• _WORK INSTRUCTIONS_: Word for word, copy all the data and drop the pictures.

• _THE DATA_:
= Beginning of Section =

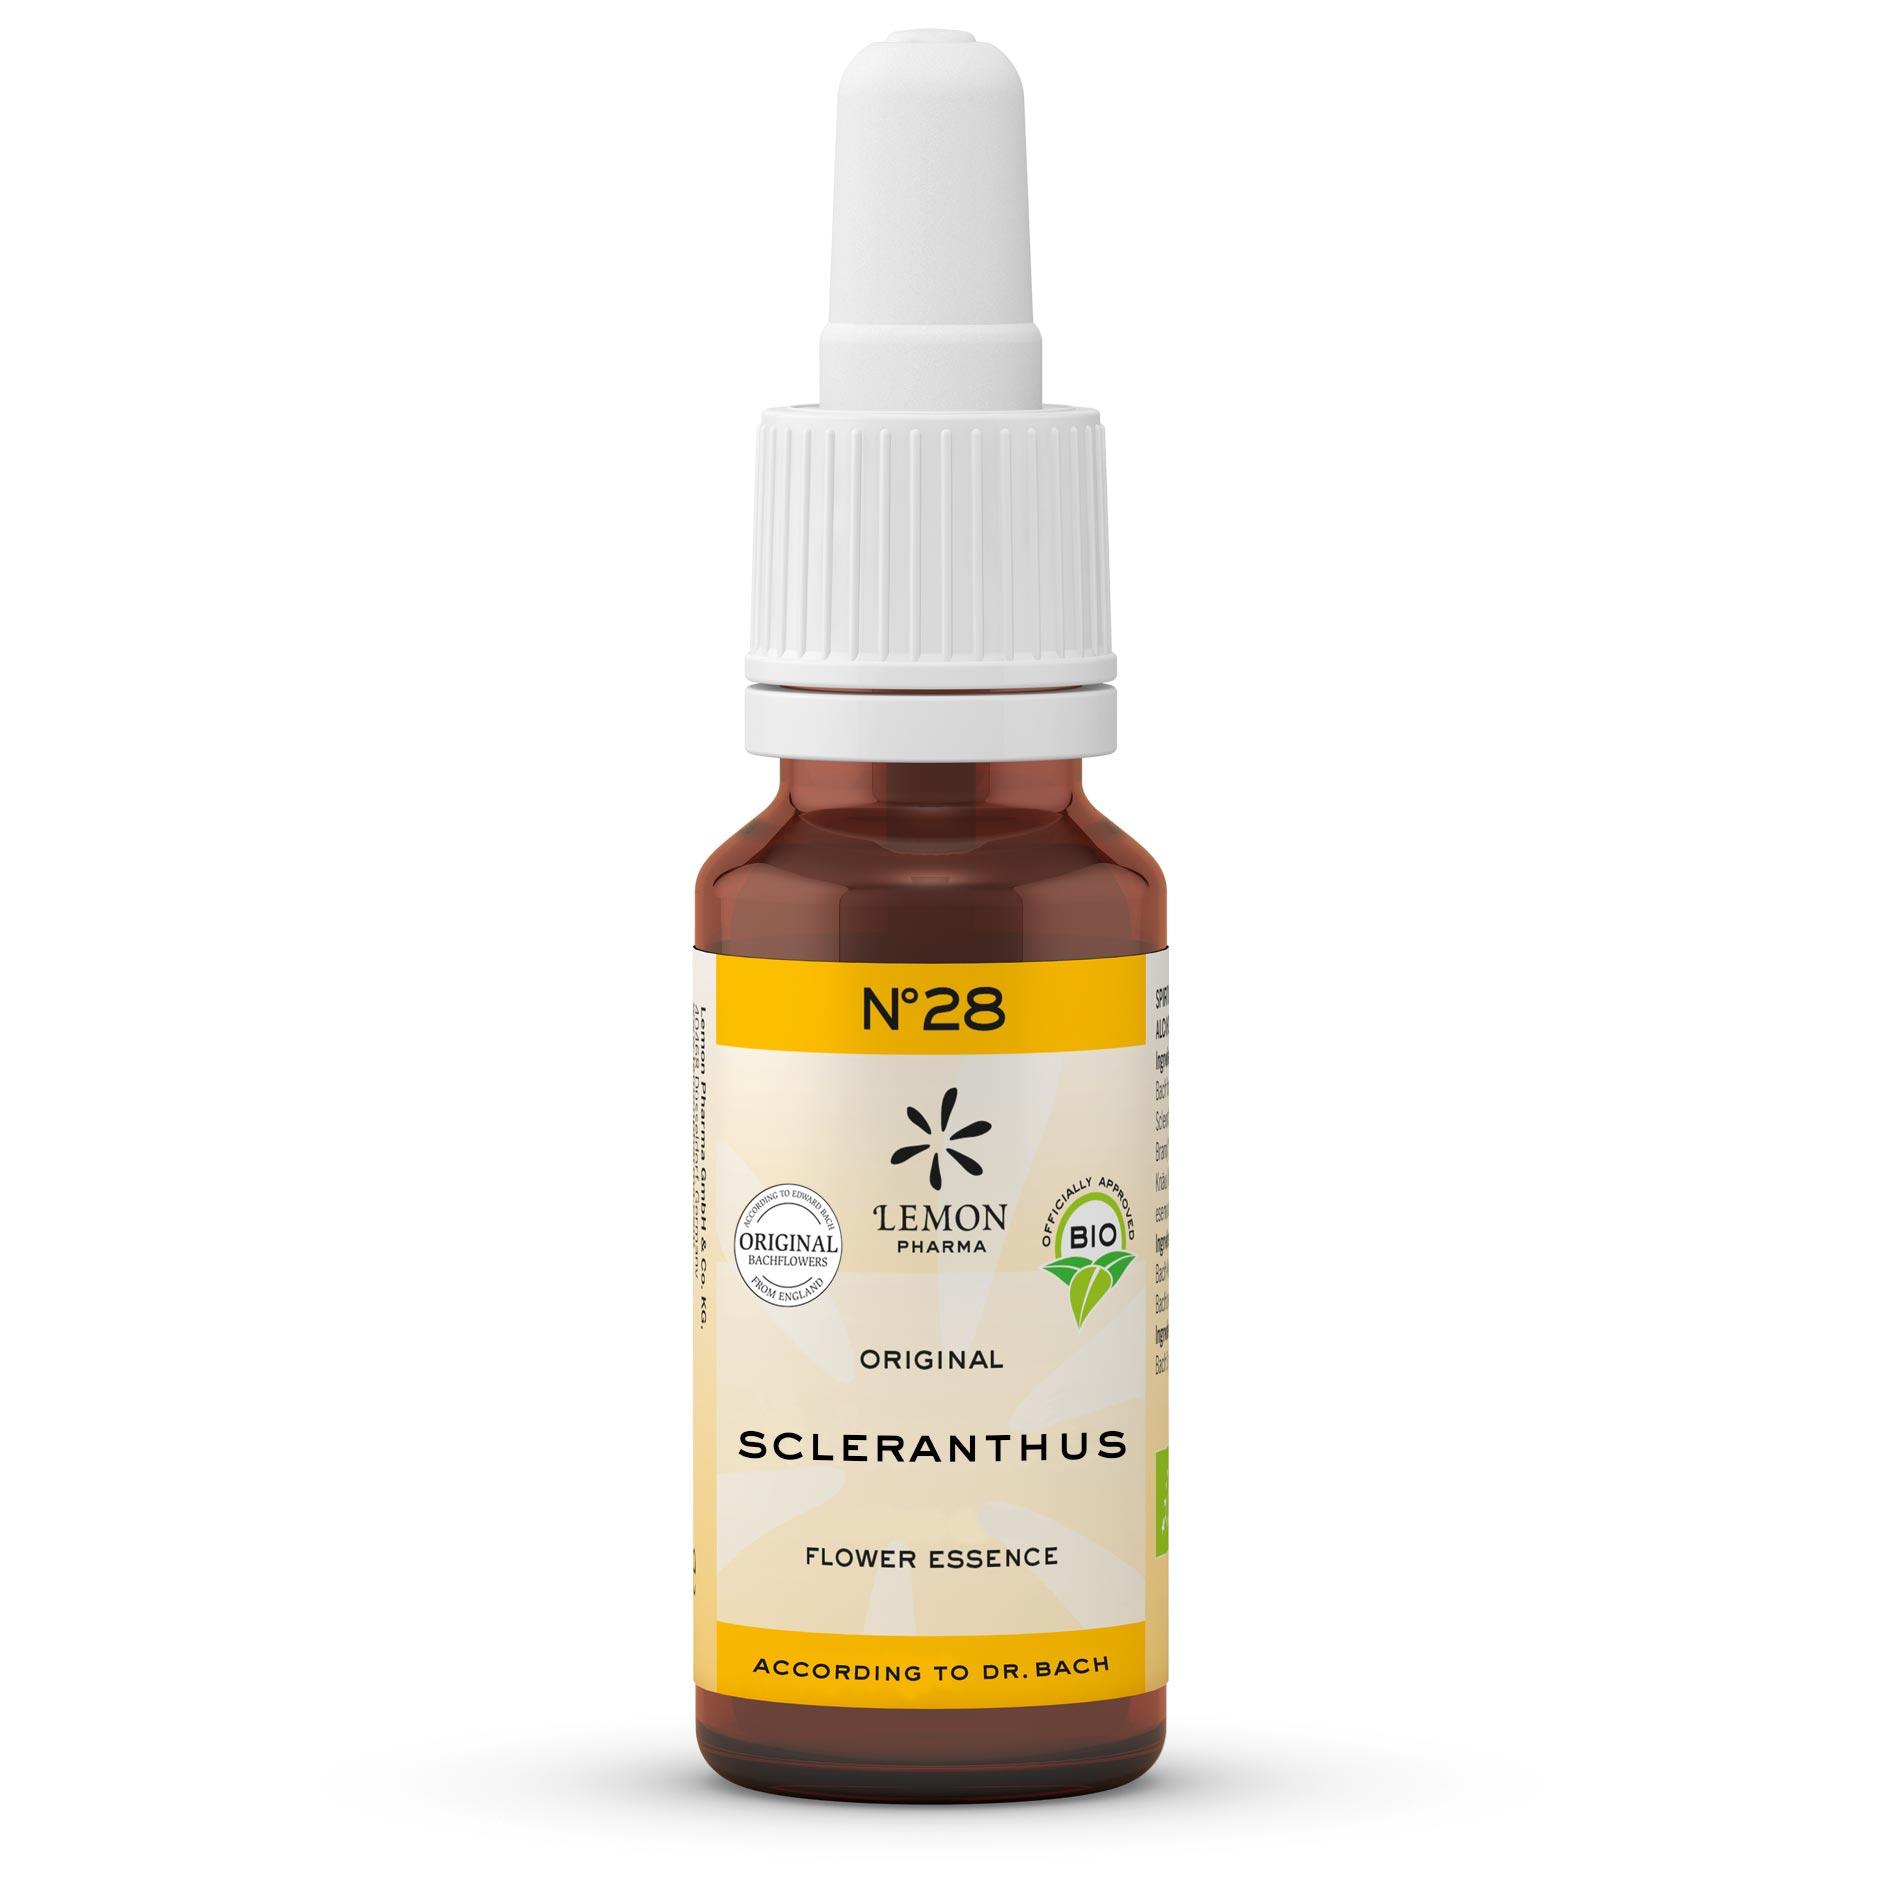 Lemon Pharma Gouttes Fleurs de Bach Original n°28 Sclerantur Scléranthe Équilibre intérieur
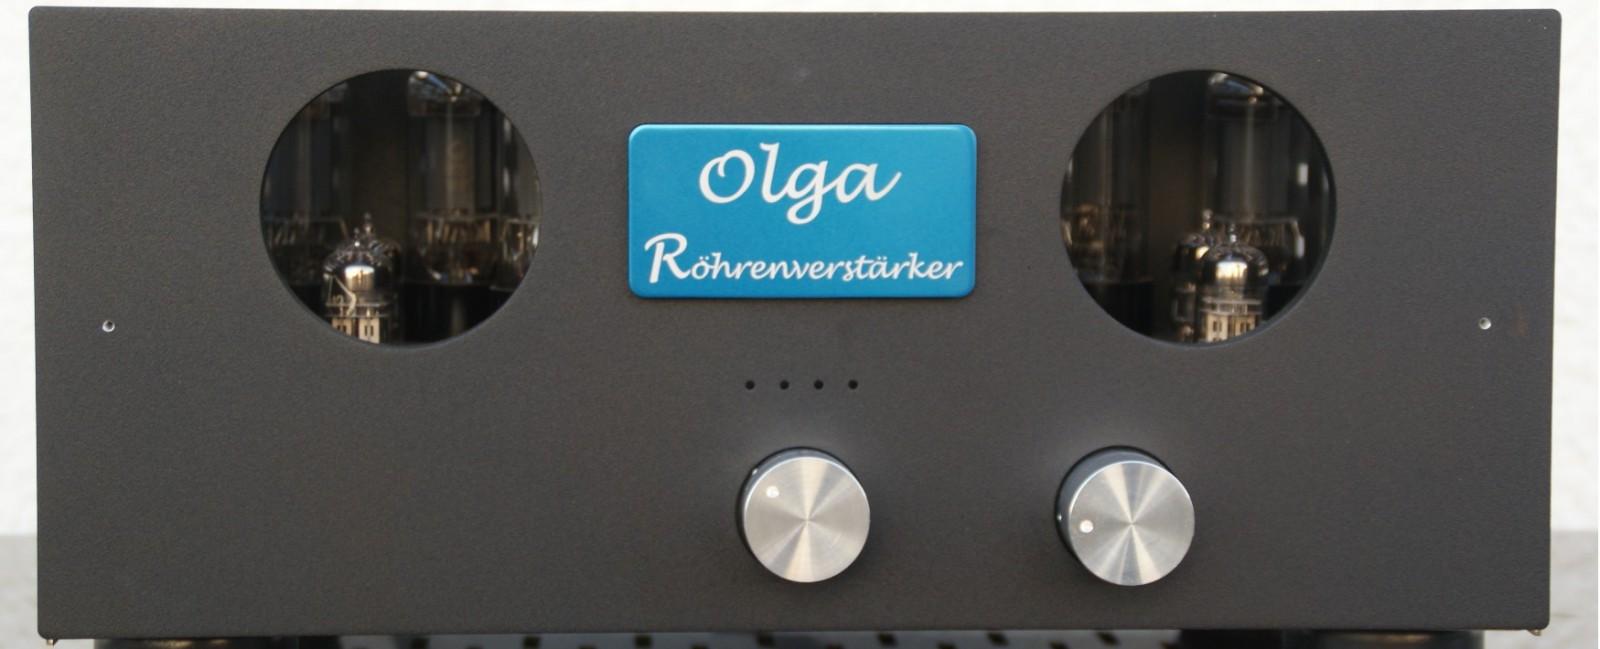 Olga Röhrenverstärker
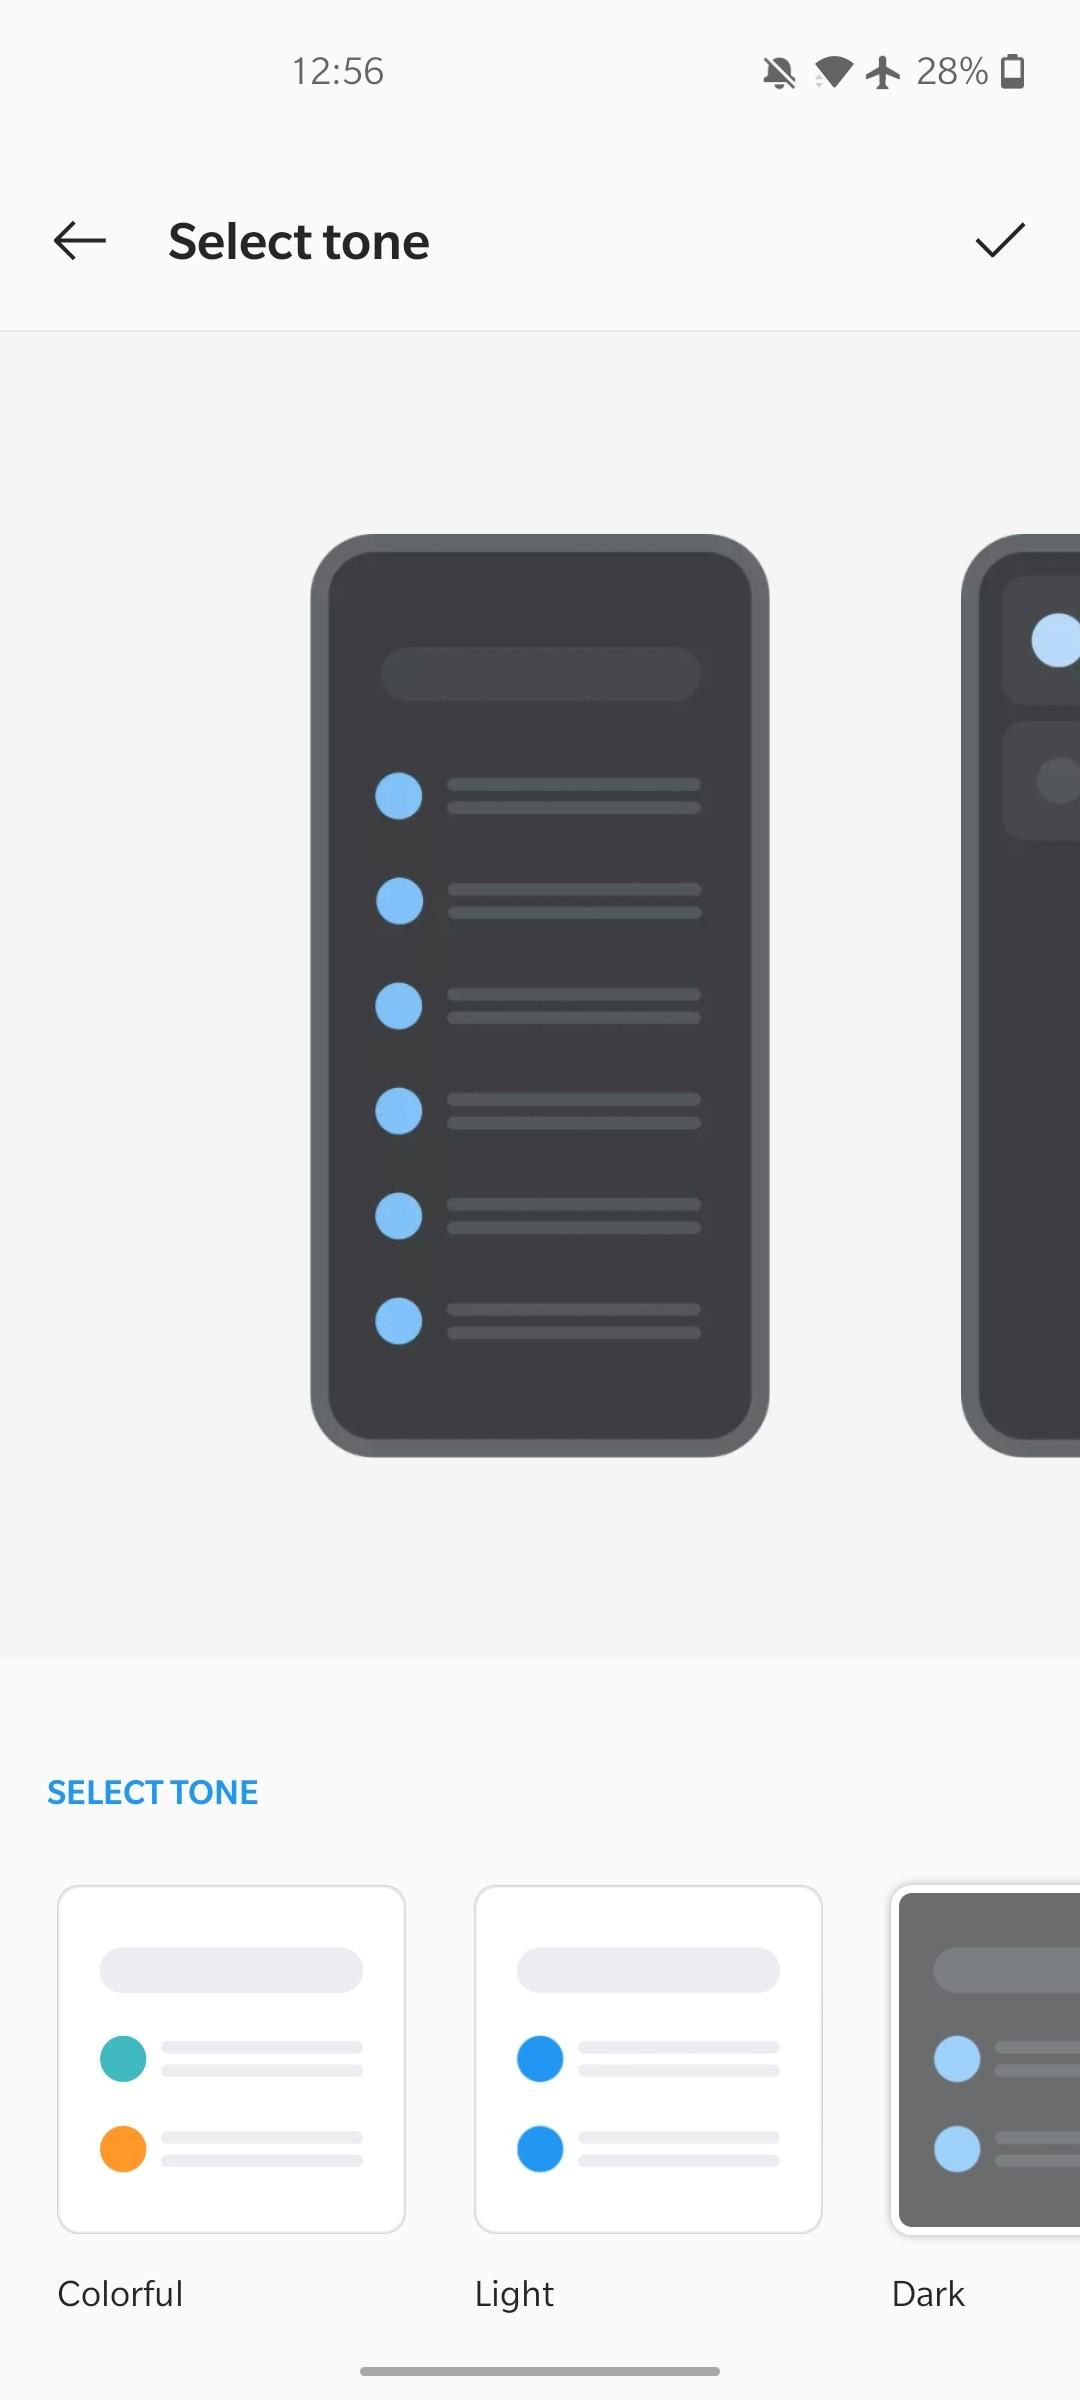 بررسی کامل تخصصی گوشی OnePlus Nord: متناسب نبودن قیمت با کیفیت

= End of Section =

• _RESULT FOR THIS TASK_:
 Lemon Pharma Gouttes Fleurs de Bach Original n°28 Sclerantur Scléranthe Équilibre intérieur
 Olga Röhrenverstärker
 بررسی کامل تخصصی گوشی OnePlus Nord: متناسب نبودن قیمت با کیفیت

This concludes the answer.